Fu Truffaut a dire che “coloro che conoscono il segreto perduto, che hanno comunicato all’epoca del muto, sanno qualcosa che tutti i registi nati col sonoro non sapranno mai”. Kim Ki-duk è nato negli anni ’60, il sonoro nel cinema non era più una rarità da anni, eppure sembra di scorgerlo (perché non si può sentire) quel segreto a cui accennava François Truffaut. I due protagonisti restano in silenzio per l’intero film, eccezion fatta per un paio di battute finali di lei: c’è il rombo della moto di lui che sfreccia per le strade, le parole di qualche personaggio secondario, la musica, ogni tanto, ma loro stanno zitti. Creano un immenso vuoto, una persistente assenza che cancella ogni altro rumore, appiattisce le voci di chi li circonda, nella spasmodica ansia che uno dei due possa dire una sola parola.
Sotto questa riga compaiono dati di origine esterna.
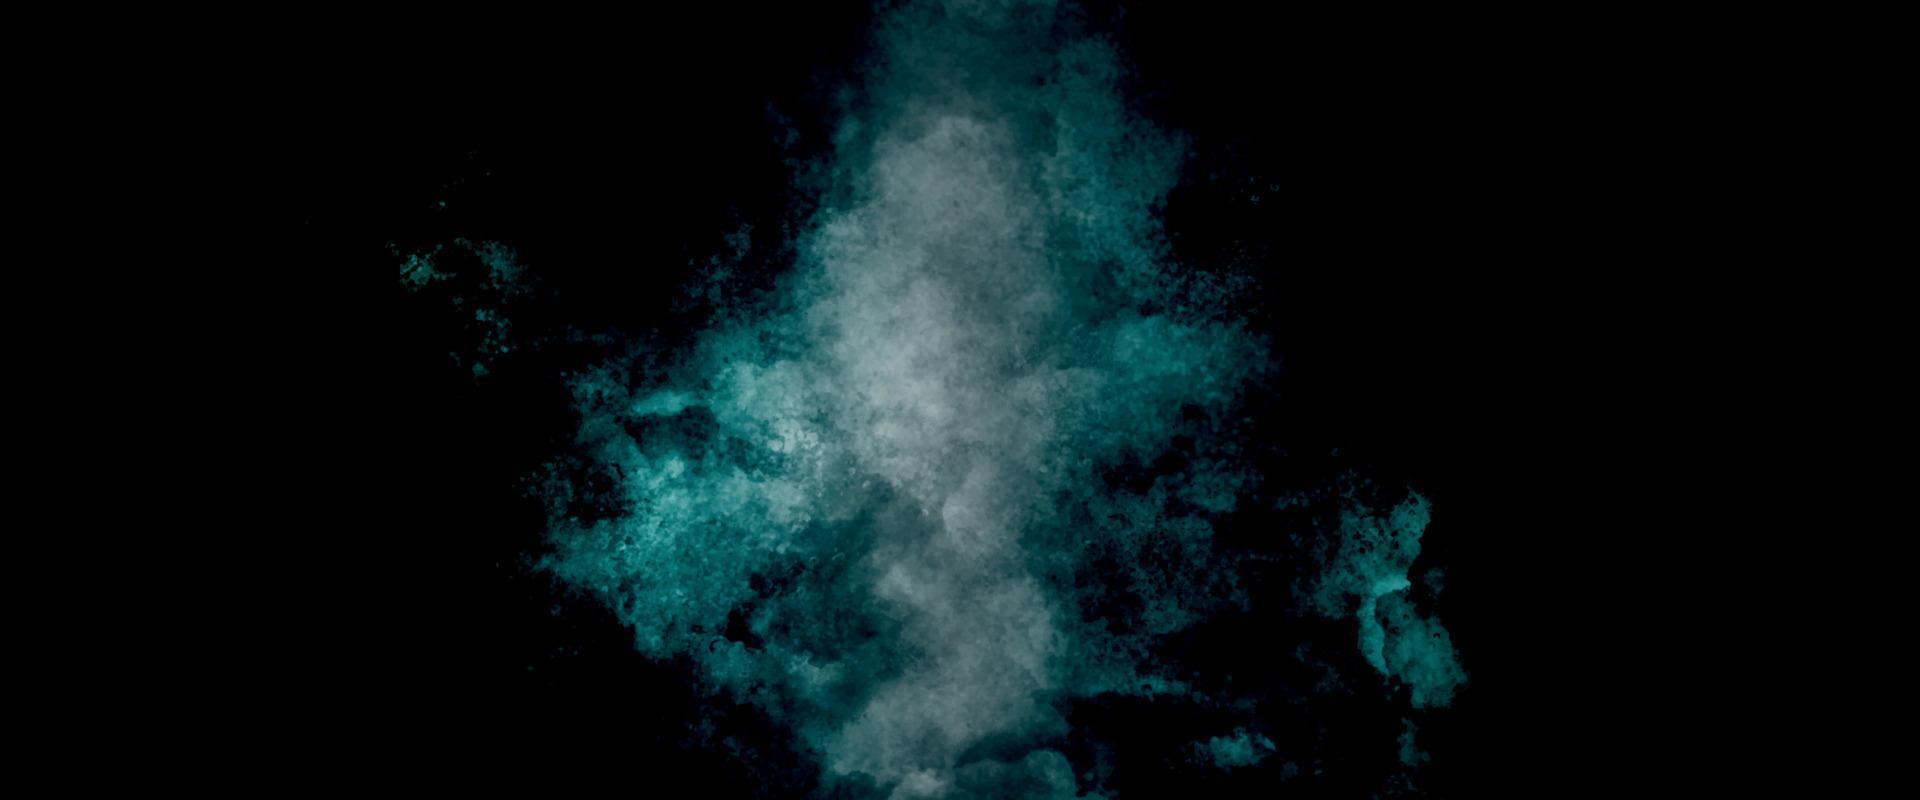 Hintergrund mit Wolken. alt Jahrgang Blau Grün Hintergrund mit betrübt Textur und Grunge Design mit schwarz Grenze. kosmisch Neon- Polar- Beleuchtung Aquarell Hintergrund vektor

I due protagonisti comunicheranno con la musica, le struggenti canzoni d’amore che andranno a comporre la colonna sonora, nella maggior parte dei casi, saranno scelte dai personaggi principali come sottofondo per la loro quotidianità fittizia e come simbolo del loro amore. La pellicola è ricca di simbolismi: in mancanza di grandi dialoghi risolutivi, è ai gesti e alle inquadrature che ci si affida, più di quanto normalmente si faccia nel cinema, per raccontare la vicenda. Kim Kiduk ha spesso dichiarato di aver discusso con operatori e direttori di fotografia, ricercando la limpidezza e la semplicità nei colori e nel montaggio. Durante il film, la soluzione compositiva di cui fa il maggior utilizzo è quella di riprendere un’immagine proiettata su un una superficie riflettente (un vetro, uno specchio, una pozzanghera), dando allo stesso tempo allo spettatore il volto di un personaggio terzo che osserva la scena come dell’esterno, spettatore anch’egli. Verso la fine del film, il protagonista maschile riuscirà a diventare un vero e proprio fantasma, sfruttando il limitato campo visivo dell’occhio umano e nascondendosi nei punti ciechi.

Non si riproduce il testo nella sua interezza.